*STORED DATA*:

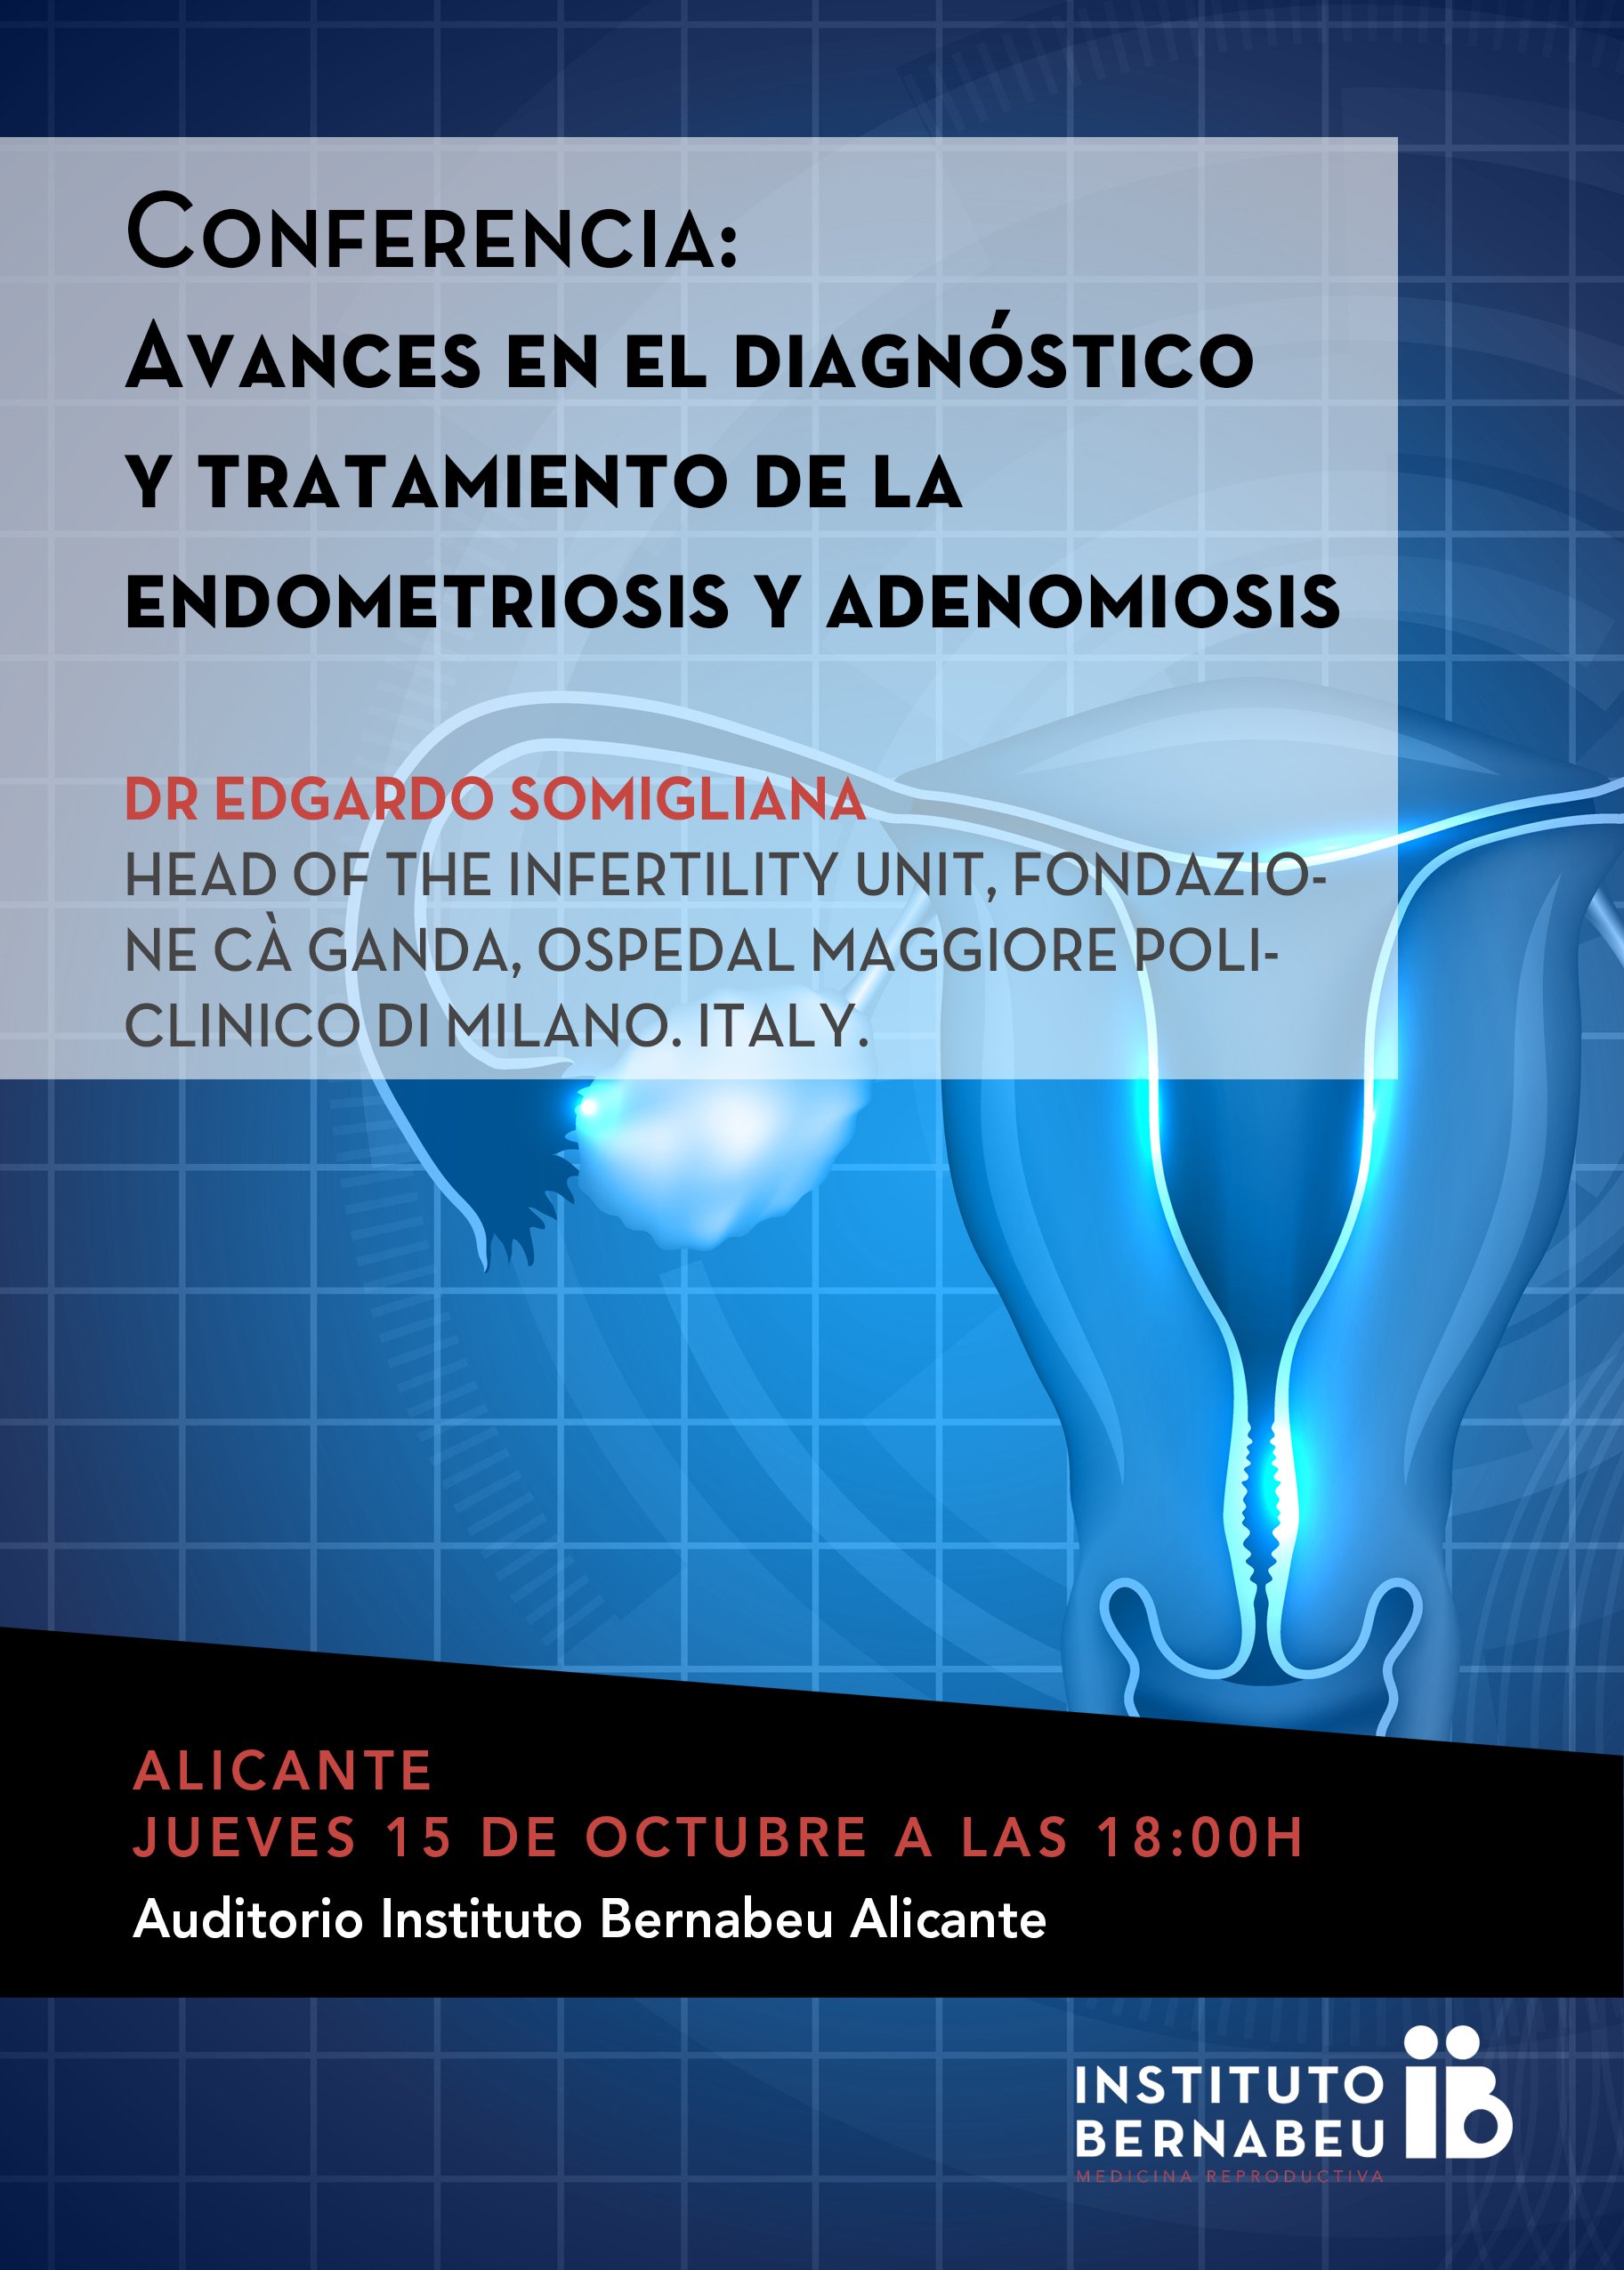 Advances in the diagnosis and treatment of endometriosis and adenomyosis
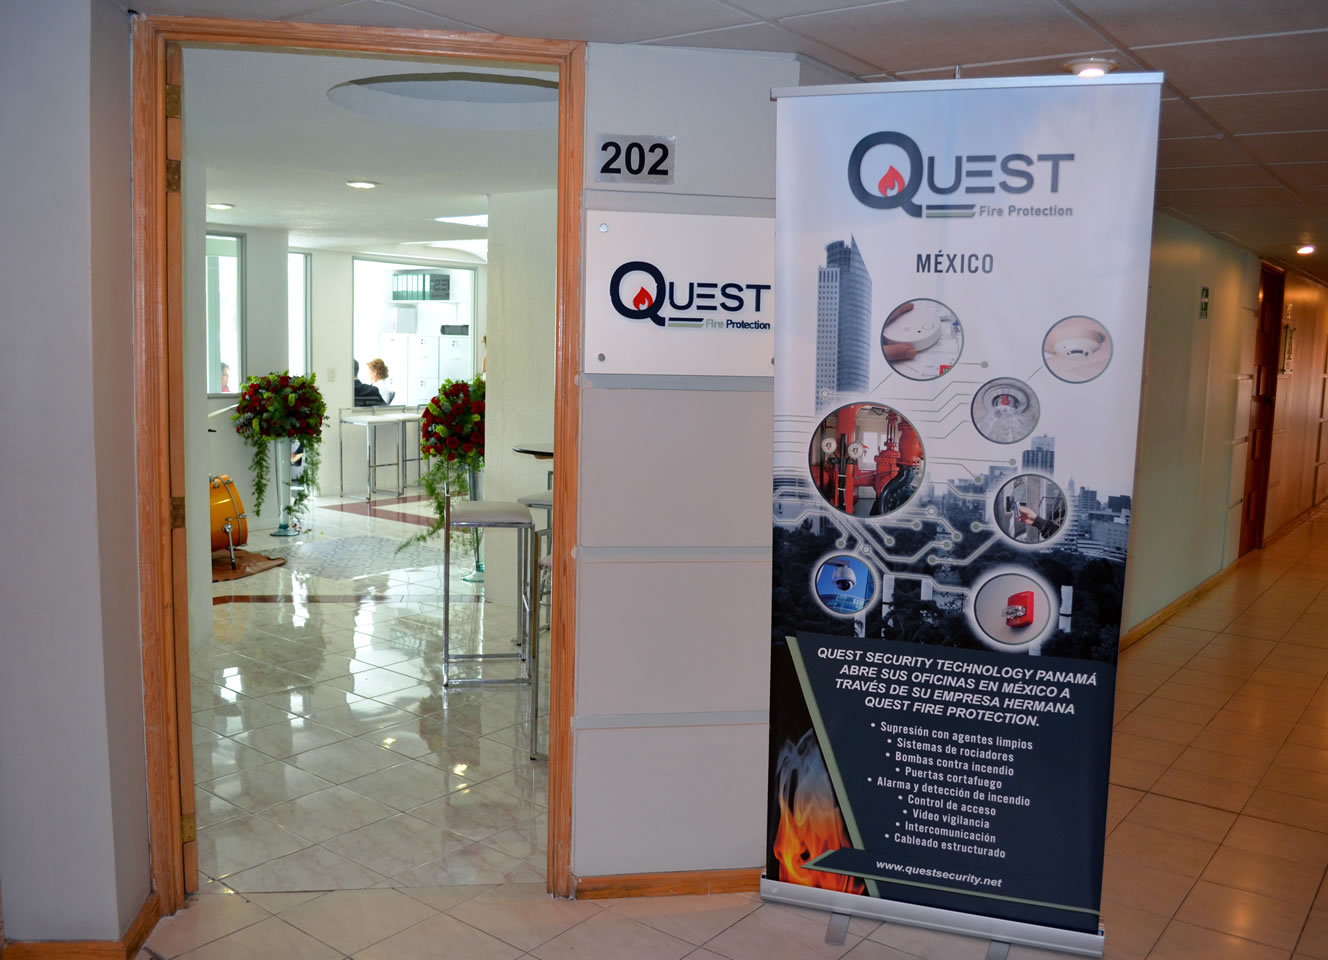 Logotipo Quest Fire Protection
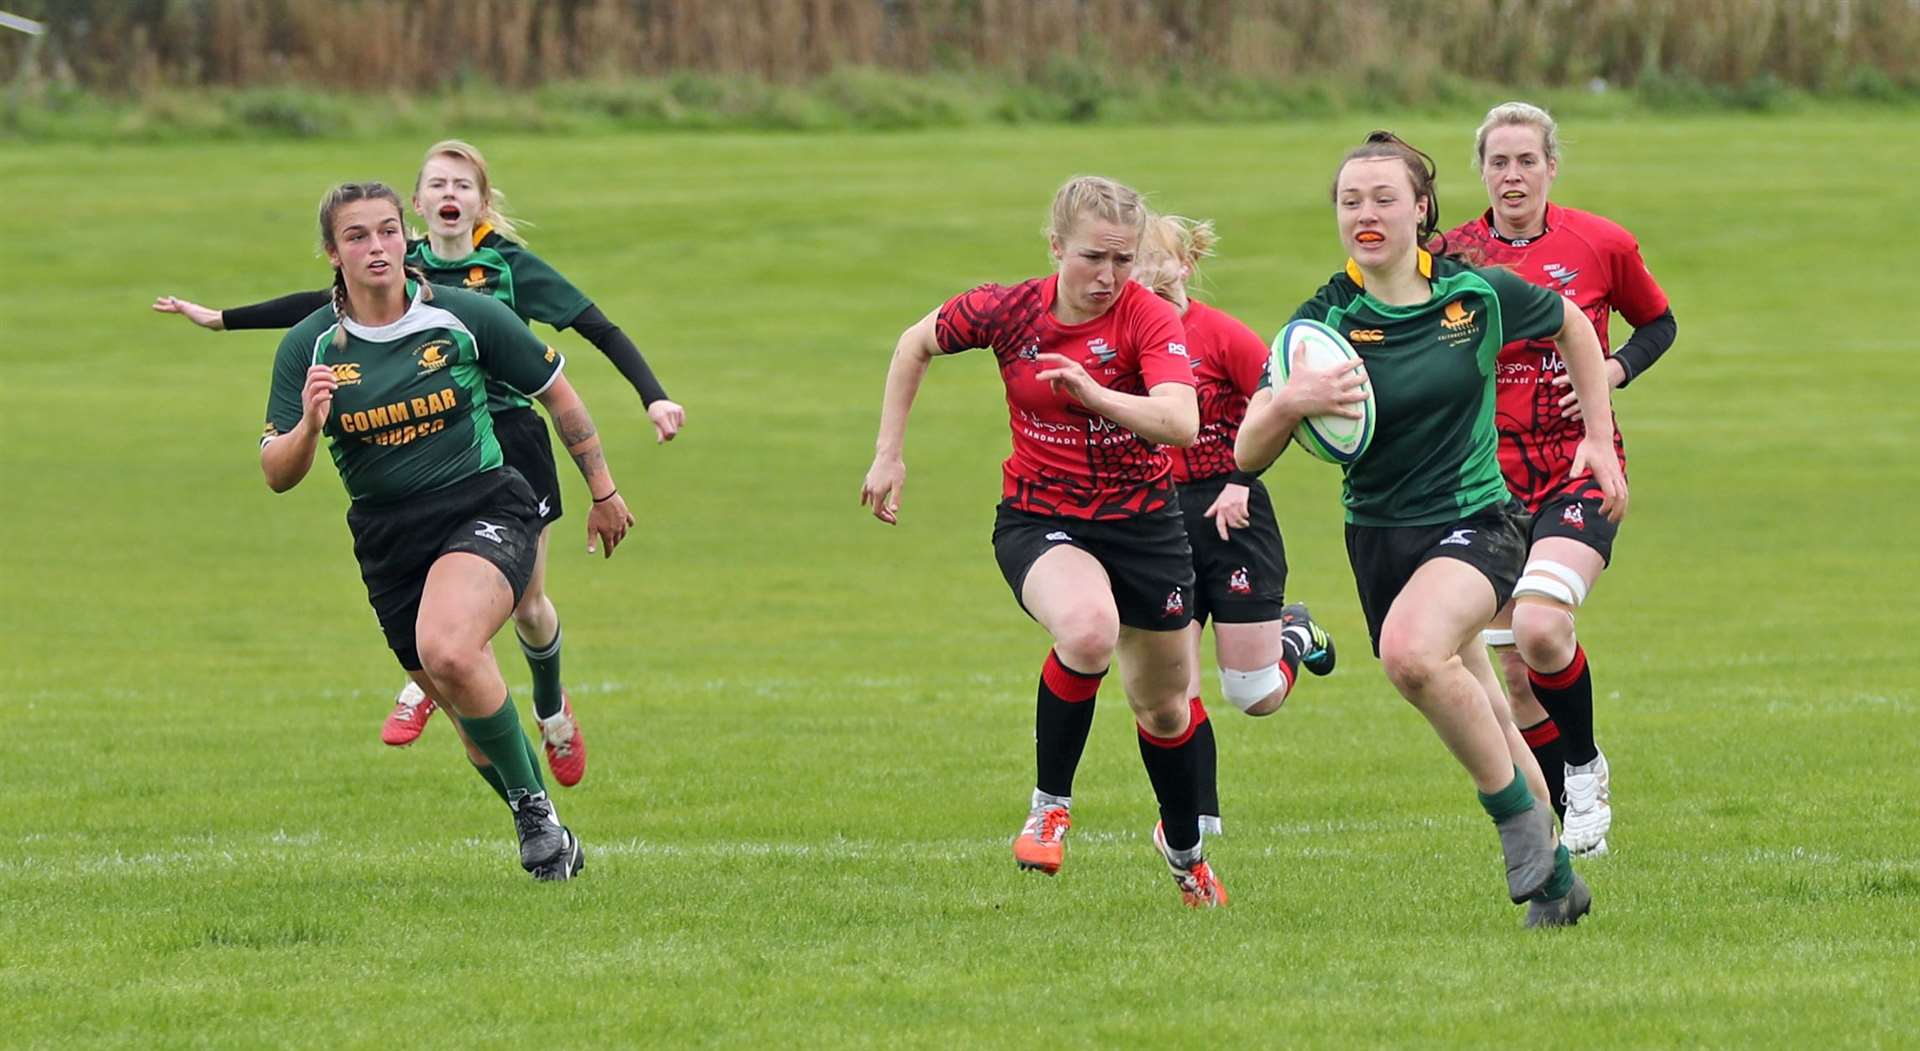 Shannon Pasotti races clear to score a try for Caithness Krakens against Orkney Dragons in the Caledonia North Region League. Picture: James Gunn
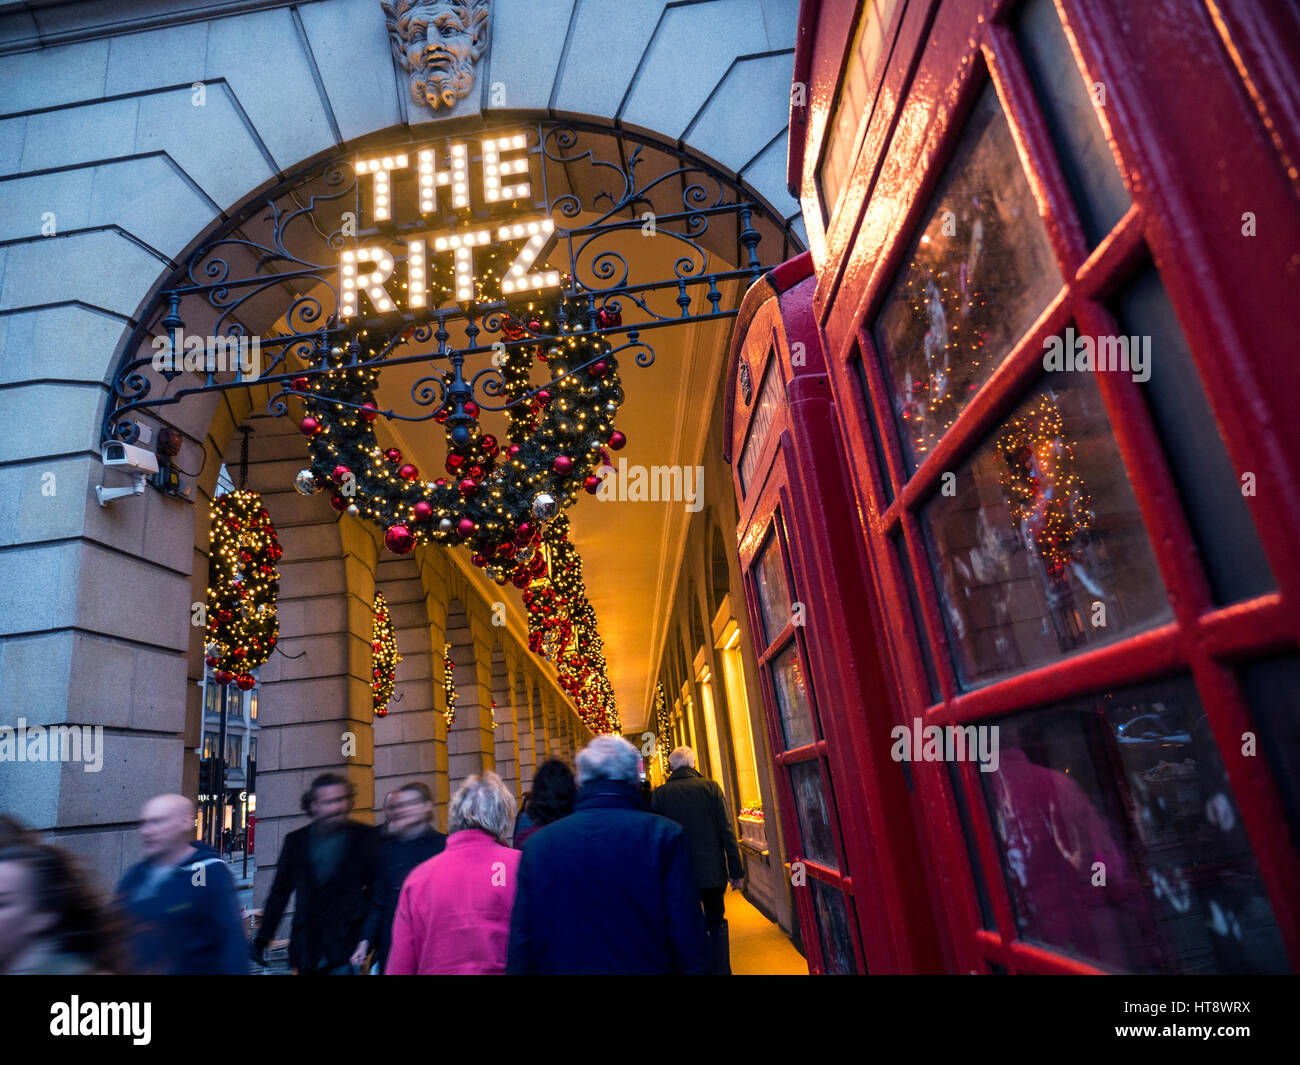 The Ritz Hotel at dusk Christmas decorations red telephone box Piccadilly London UK Stock Photo

*REQUIREMENT*:
Find the line containing "Logotipo Quest Fire Protection", then extract it and every line after it to the end of the data above, exactly and nothing else, without pictures.

*RESPONSE TO THE TASK*:
 Logotipo Quest Fire Protection
 Shannon Pasotti races clear to score a try for Caithness Krakens against Orkney Dragons in the Caledonia North Region League. Picture: James Gunn
 The Ritz Hotel at dusk Christmas decorations red telephone box Piccadilly London UK Stock Photo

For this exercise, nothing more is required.